Sisulu calls for ANC investigation on Zuma
President has clung to office ‘because of the support of most of the party’s top leaders’
South Africa’s ruling African National Congress should initiate disciplinary action over allegations that President Jacob Zuma and members of a family in business with his son have looted state coffers, according to a member of his cabinet who is running to replace him as party leader.
“The ANC should act decisively on anybody in authority who is suspected or alleged to be doing wrong,” Human Settlements Minister Lindiwe Sisulu said in an interview on Sunday in the northeastern town of Polokwane. “The fact that the president is involved” shouldn’t make a difference, she said.

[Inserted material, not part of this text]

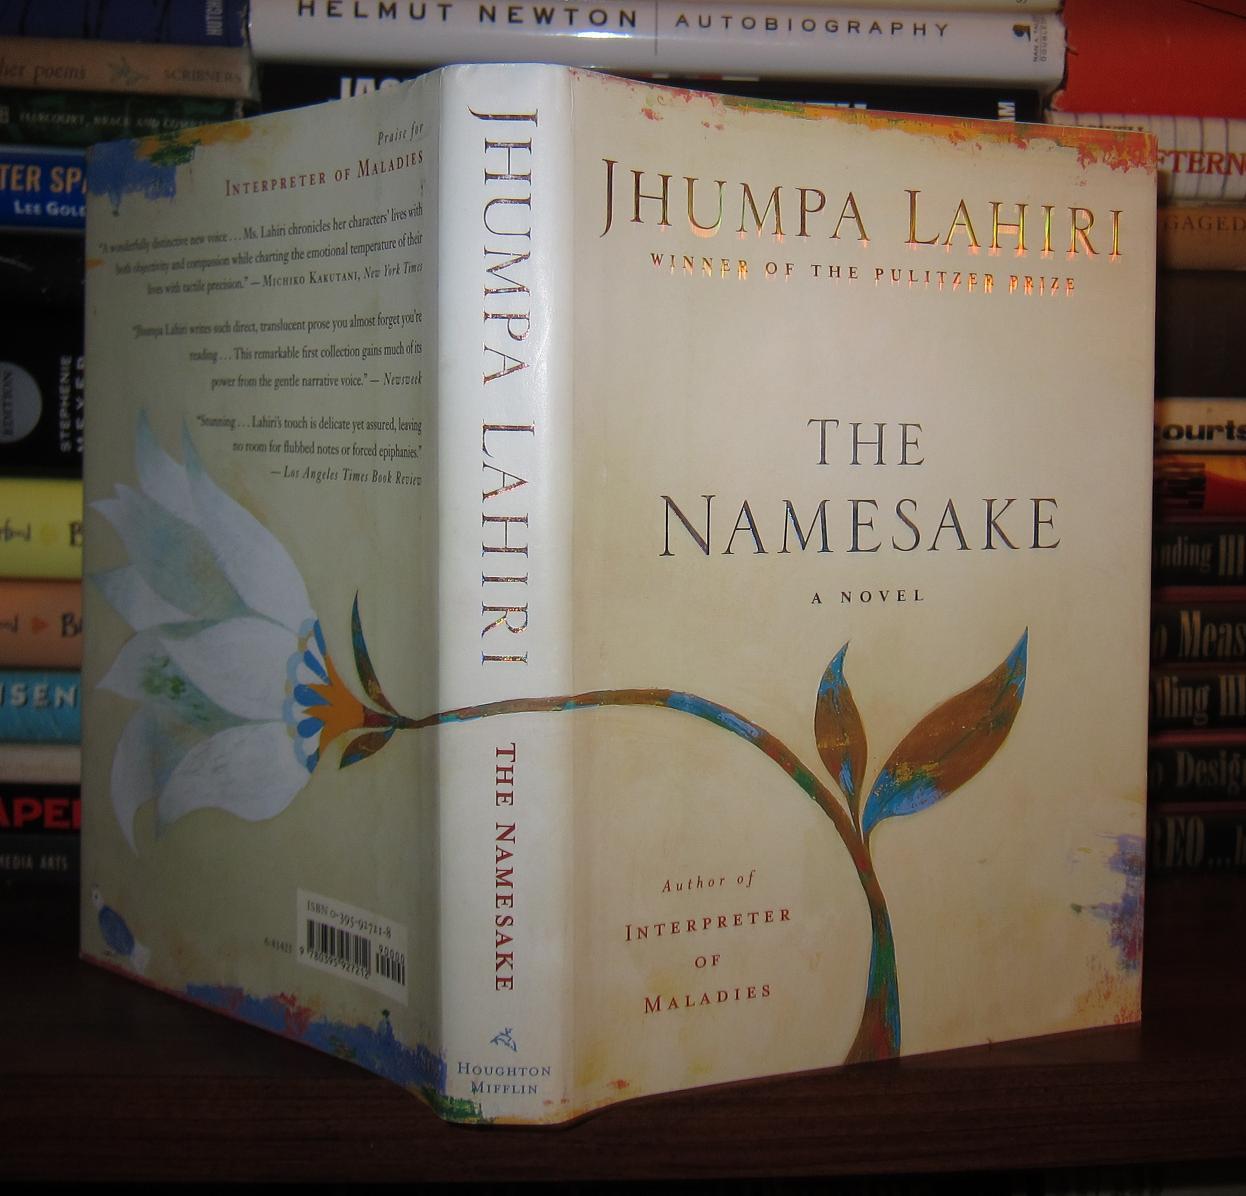 Image result for book cover of the namesake by jhumpa lahiri

Separate reports by the nation’s graft ombudsman in November, and the country’s main church organisation and a team of top academics in May allege members of the Gupta family used their links to Zuma to secure sweetheart contracts and deals from state companies. While thousands of emails between the Guptas, their staff and business associates that were later leaked to the local media show how the family allegedly benefited from undue influence over the government, Zuma and the Guptas have disputed their authenticity and denied wrongdoing.
Zuma’s leadership and implication in a succession of scandals has eroded support for the 105-year-old ANC, which has ruled Africa’s most-industrialised economy since the end of white-minority rule in 1994. It lost control of Pretoria, the capital, and Johannesburg, the economic hub, in municipal elections in August last year.
The president has clung to office because of the support of most of the party’s top leaders, who rely on him for their posts in the cabinet and government.
Party divide
Divisions within the party were laid bare on Aug. 8, when more than two dozen ANC lawmakers backed an opposition motion of no confidence in Zuma. ANC Secretary-General Gwede Mantashe announced on Aug. 15 that three of the party’s lawmakers who openly backed the unsuccessful bid to oust Zuma would face disciplinary action.
Sisulu, 63, criticised the party’s actions, saying it had exercised selective judgement by targeting some of its members who failed to toe the party line, while failing to take action against the president. ANC spokesman Zizi Kodwa did not answer calls seeking comment.
Sisulu is among several candidates bidding to replace Zuma when he steps down as party leader in December.